Download or read book The Evangelical Tradition in America written by Leonard Sweet and published by Mercer University Press. This book was released on 1997 with total page 344 pages. Available in PDF, EPUB and Kindle. Book excerpt: The essays collected in The Evangelical Tradition in America range over a vast plain of historical inquiry. Yet they are linked by a common purpose and vision of the exploration through ever-widening avenues of research into one of the most important movements in American culture, and the uncovering of forgotten, ill-conceived, or half-perceived features of the Evangelical tradition. This volume opens up new territory, recharts the old, and challenges and corrects several gaps in the historical topography of American Evangelicalism.Emerging from the Charles G. Finney Historical Conference at Colgate Rochester Divinity School/Bexley Hall/Crozer Theological Seminary in October 1981, these essays offer exciting interdisciplinary insights into the role of Evangelical religion in American society. As major contributions to scholarship in American religion, these investigations forge beyond the borders of Evangelicalism's role in issues now being explored by many American historians on the South, blacks, women, urban centers, millennialism, and organizational structures. They also provide directions from which to view Evangelicalism's impact on American history from the perspective of Southern popular religion, the psychological aspects of black evangelicalism, the stream of intellectual history, and the Enlightenment and evangelical roots of millenarian ideology.

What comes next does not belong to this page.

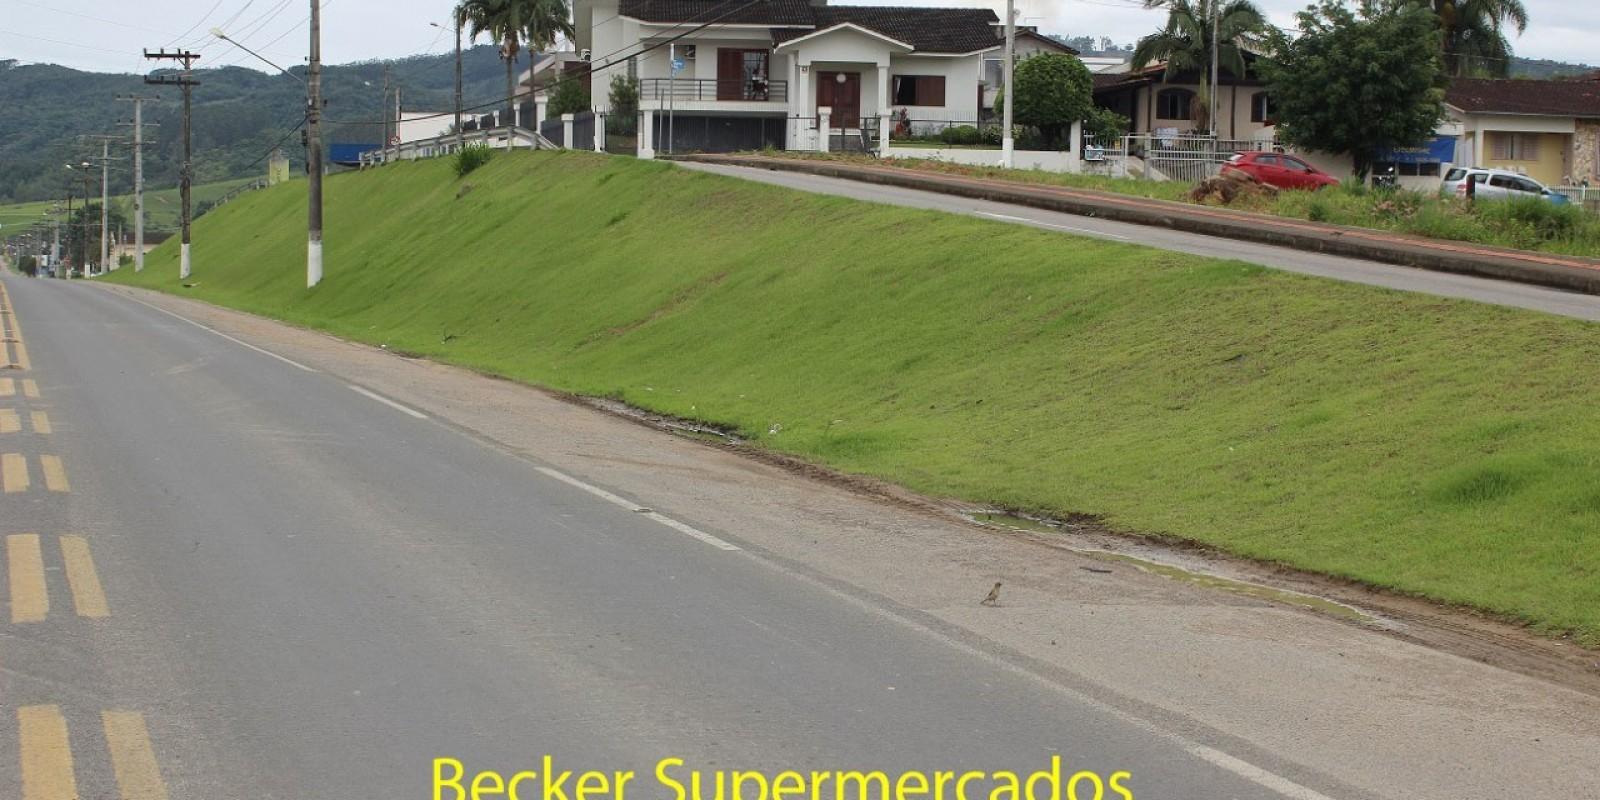 """Becker Supermercados, Plastlife, Rotary Club e Edplast Descartáveis adotarão legalmente áreas públicas em São Ludgero através do programa """"Adote um Espaço"""""""

Book Sweet Taste of Liberty

    Book Details:
  • Author : W. Caleb McDaniel
  • Publisher : Oxford University Press
  • Release : 2019-08-07
  • ISBN : 019084700X
  • Pages : 288 pages

Download or read book Sweet Taste of Liberty written by W. Caleb McDaniel and published by Oxford University Press. This book was released on 2019-08-07 with total page 288 pages. Available in PDF, EPUB and Kindle. Book excerpt: The unforgettable saga of one enslaved woman's fight for justice--and reparations Born into slavery, Henrietta Wood was taken to Cincinnati and legally freed in 1848. In 1853, a Kentucky deputy sheriff named Zebulon Ward colluded with Wood's employer, abducted her, and sold her back into bondage. She remained enslaved throughout the Civil War, giving birth to a son in Mississippi and never forgetting who had put her in this position. By 1869, Wood had obtained her freedom for a second time and returned to Cincinnati, where she sued Ward for damages in 1870. Astonishingly, after eight years of litigation, Wood won her case: in 1878, a Federal jury awarded her $2,500. The decision stuck on appeal. More important than the amount, though the largest ever awarded by an American court in restitution for slavery, was the fact that any money was awarded at all. By the time the case was decided, Ward had become a wealthy businessman and a pioneer of convict leasing in the South. Wood's son later became a prominent Chicago lawyer, and she went on to live until 1912. McDaniel's book is an epic tale of a black woman who survived slavery twice and who achieved more than merely a moral victory over one of her oppressors. Above all, Sweet Taste of Liberty is a portrait of an extraordinary individual as well as a searing reminder of the lessons of her story, which establish beyond question the connections between slavery and the prison system that rose in its place.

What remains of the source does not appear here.